Task description: Your task is to repeat the lines below exactly, excluding any pictures they contain.

Dataset extract:
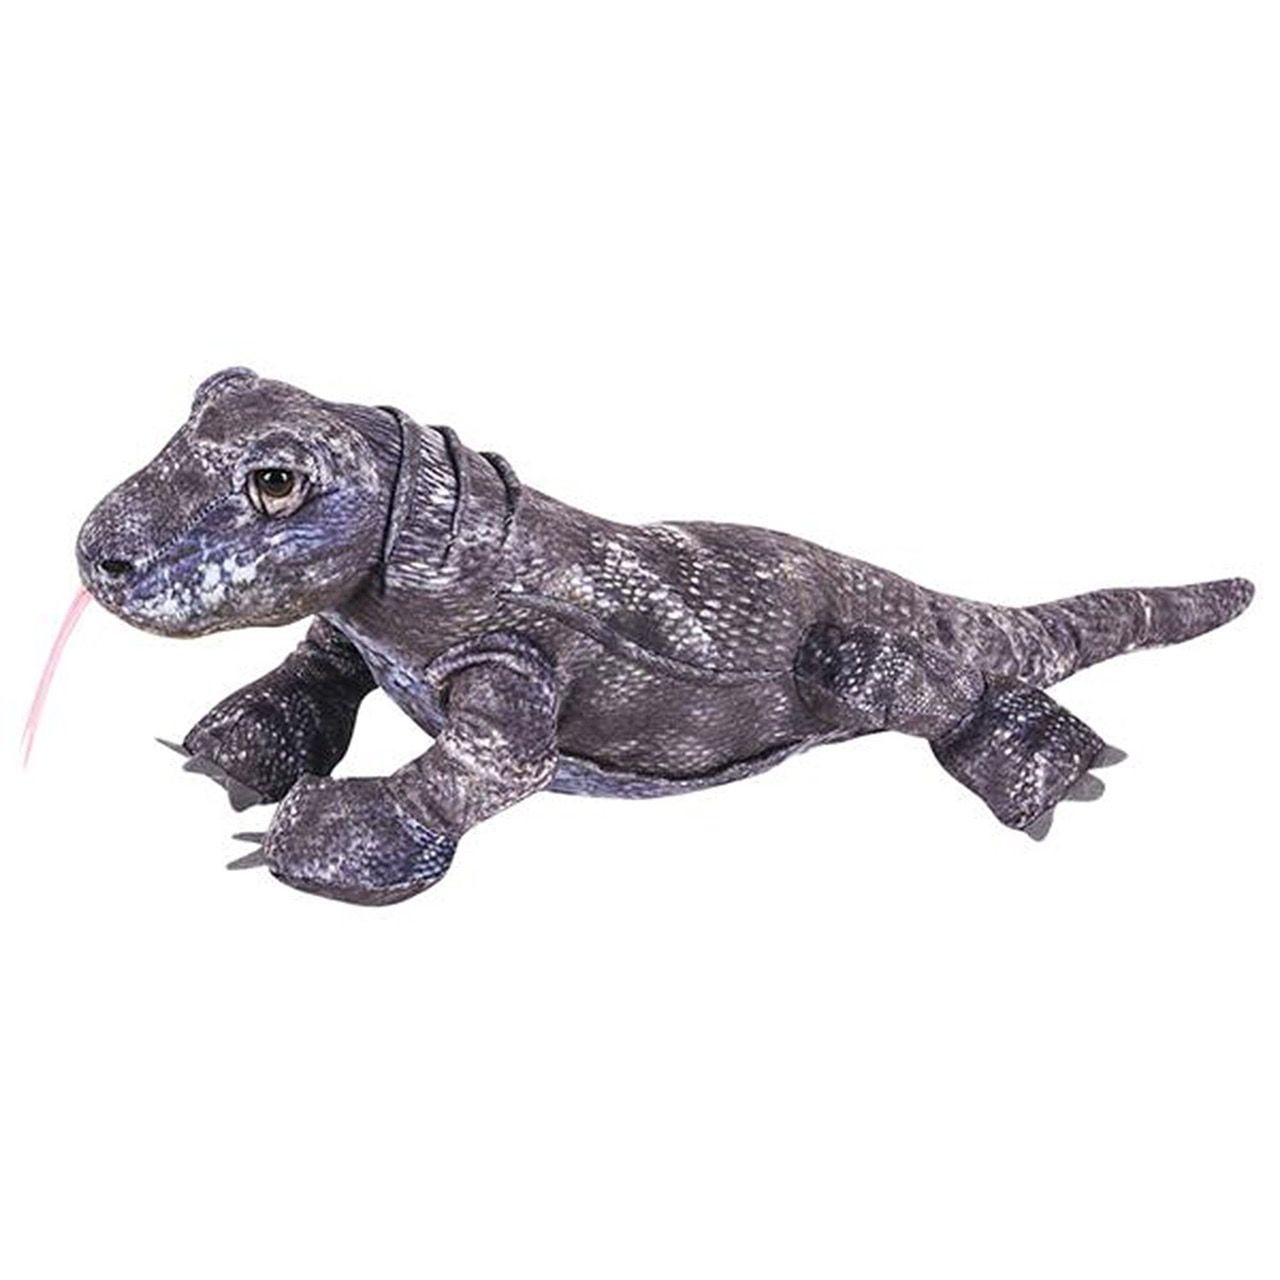 komodo dragon stuffed toy
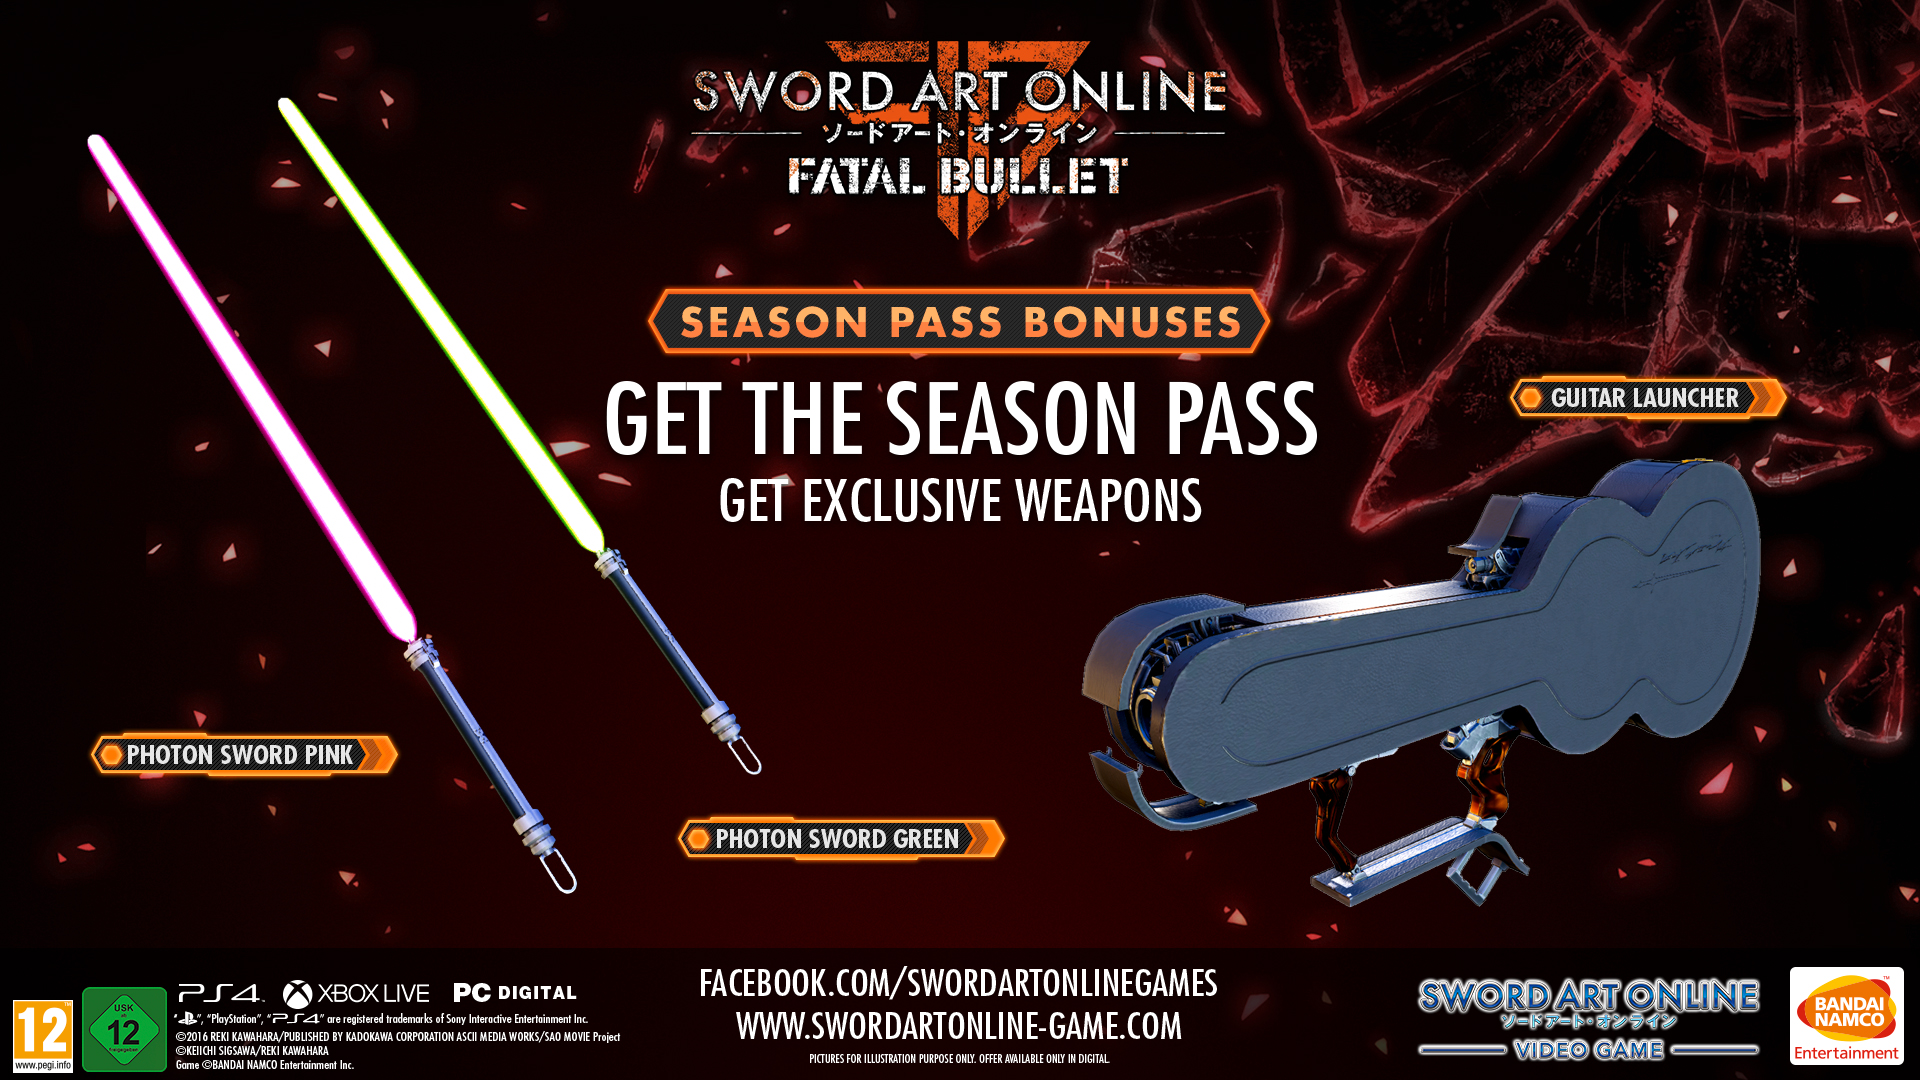 Sword Art Online Re: Hollow Fragment Gets PC Release as Fatal Bullet  Pre-Order Bonus - News - Anime News Network
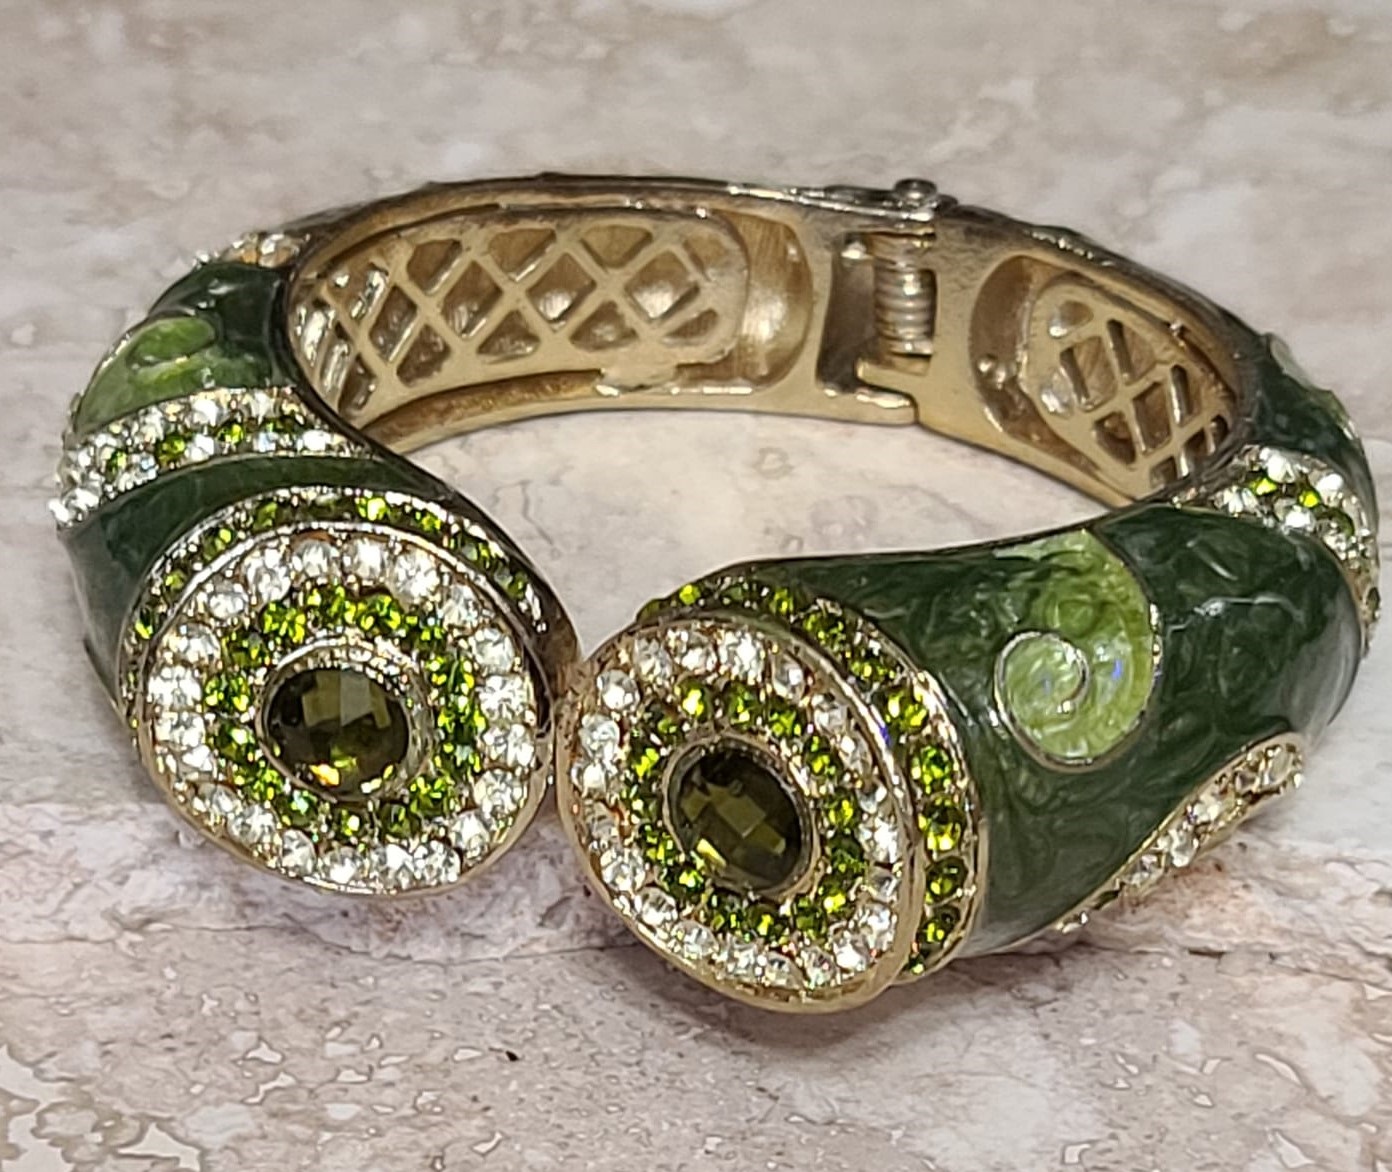 Rhinestones & Green Enamel Foldover Bracelet
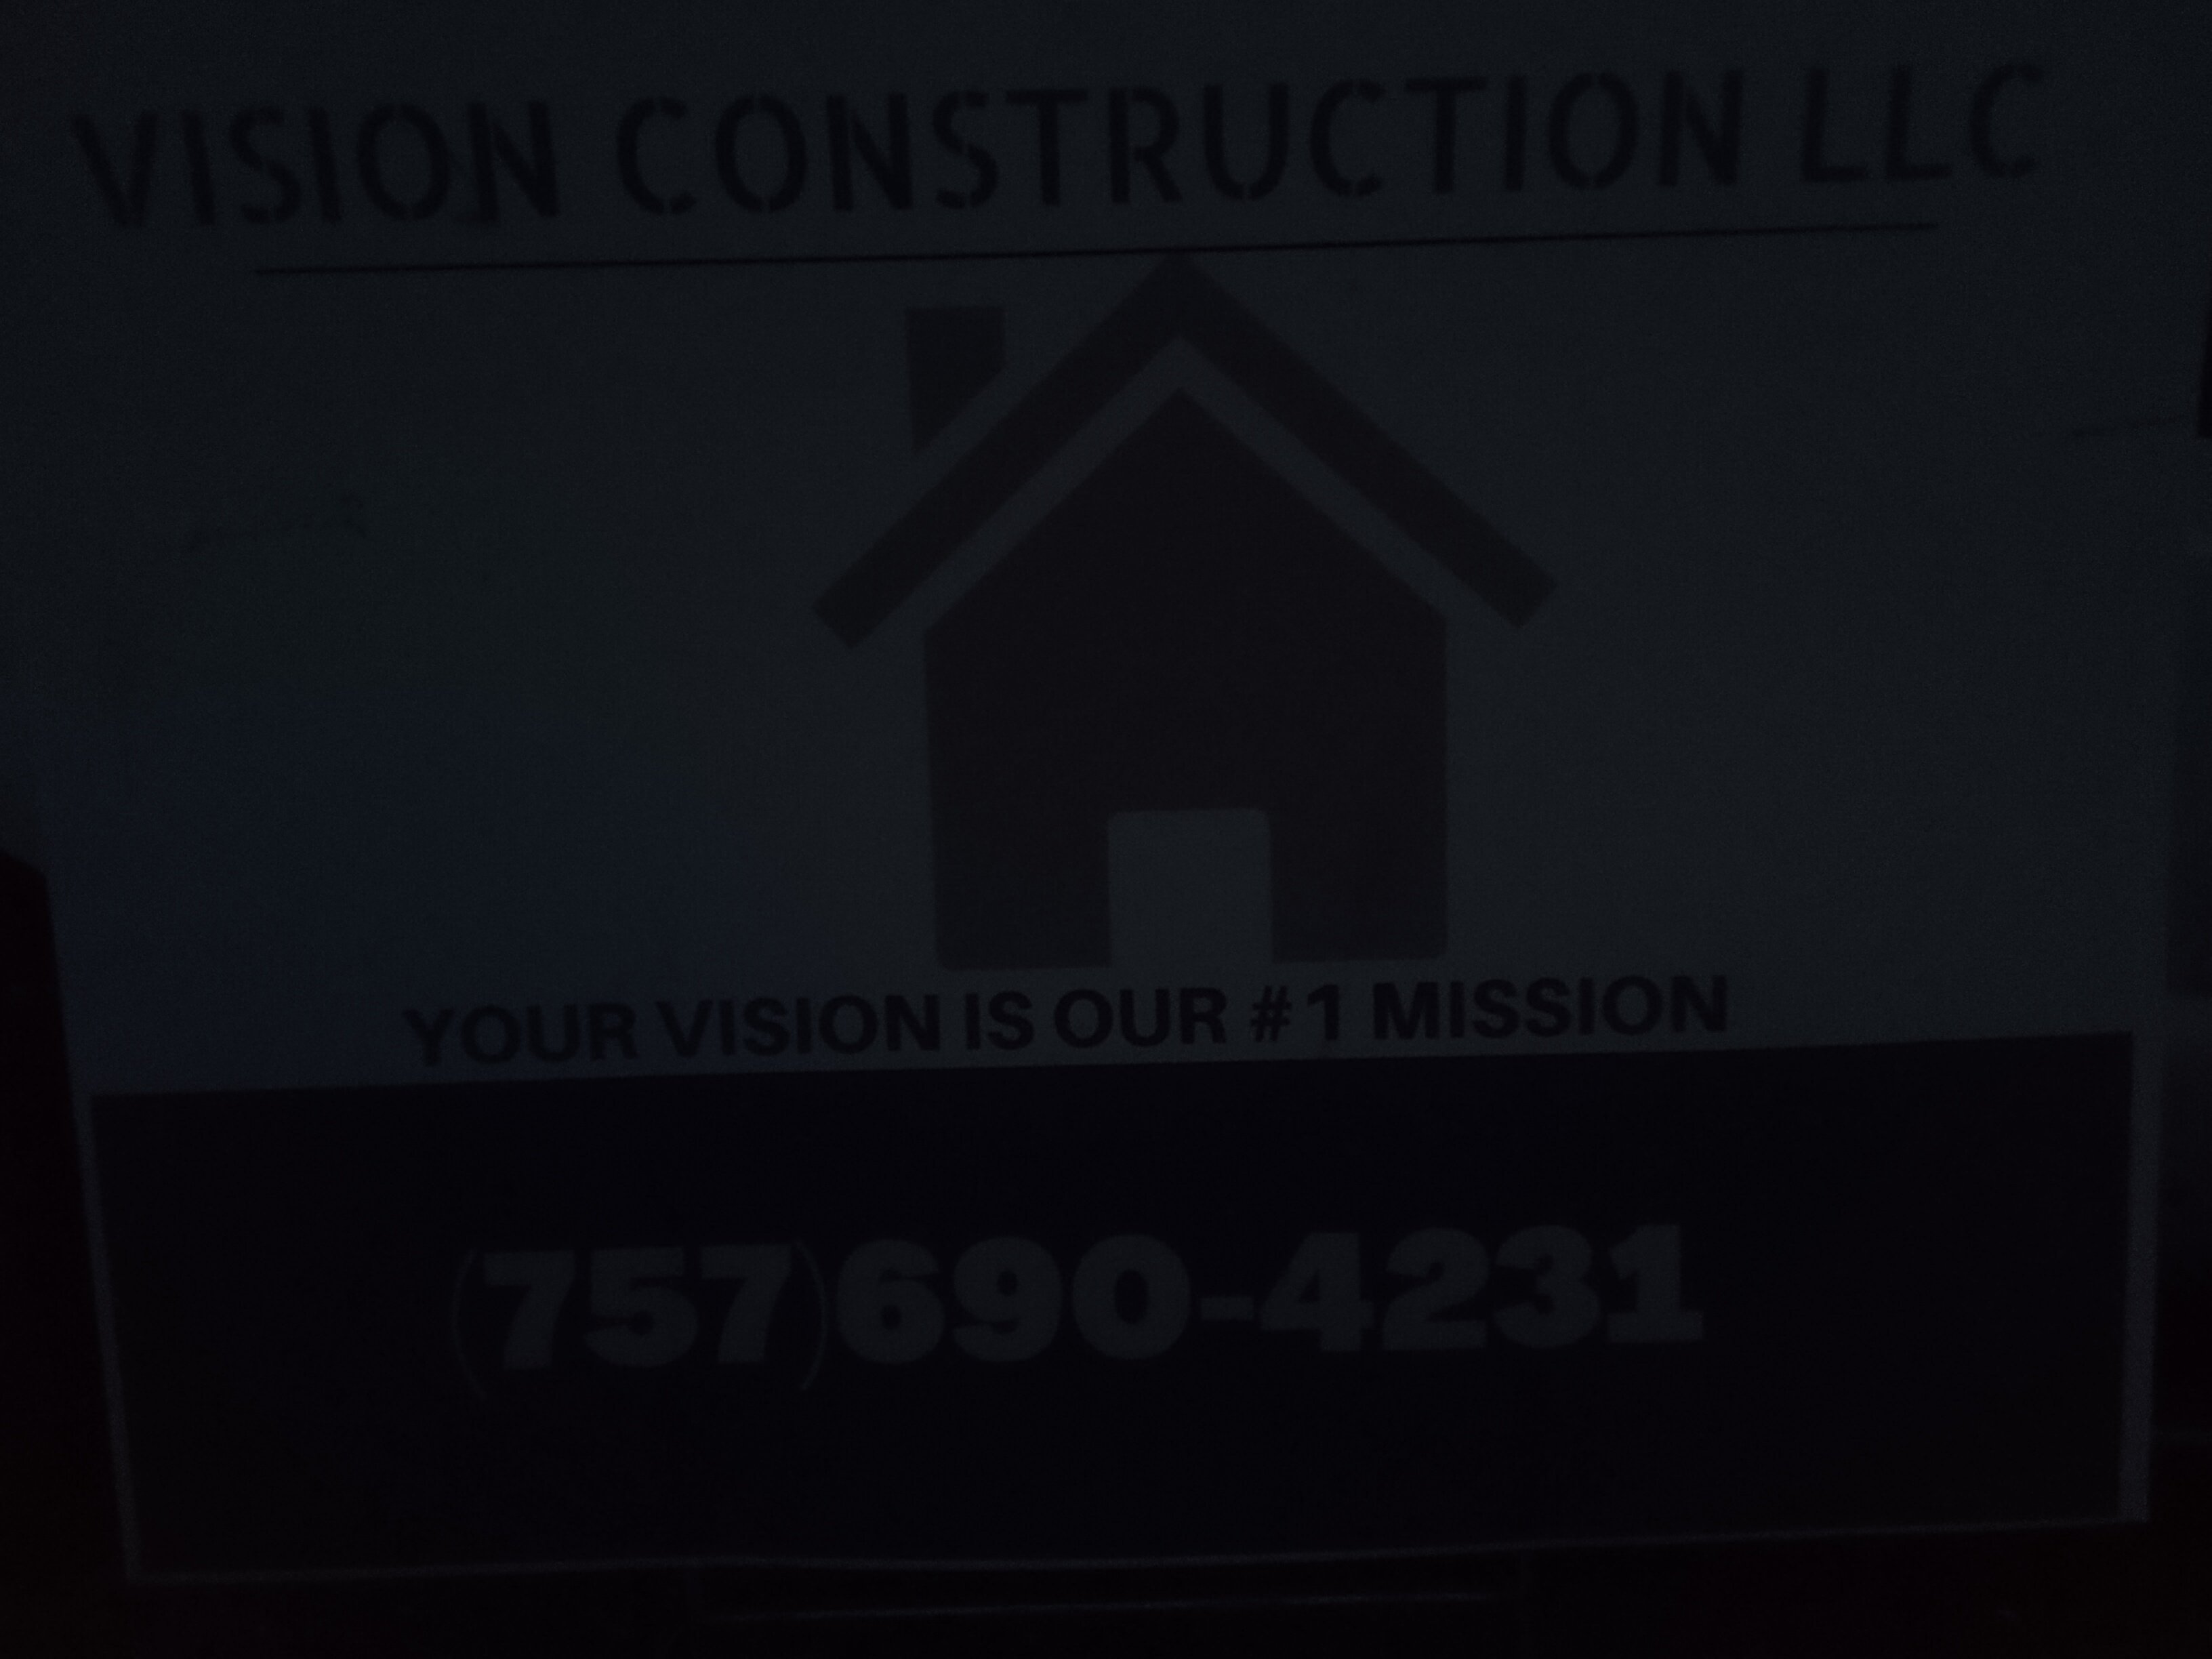 Vision Construction Logo

Reply:
 komodo dragon stuffed toy
 Sword Art Online Re: Hollow Fragment Gets PC Release as Fatal Bullet  Pre-Order Bonus - News - Anime News Network
 Rhinestones & Green Enamel Foldover Bracelet
 Vision Construction Logo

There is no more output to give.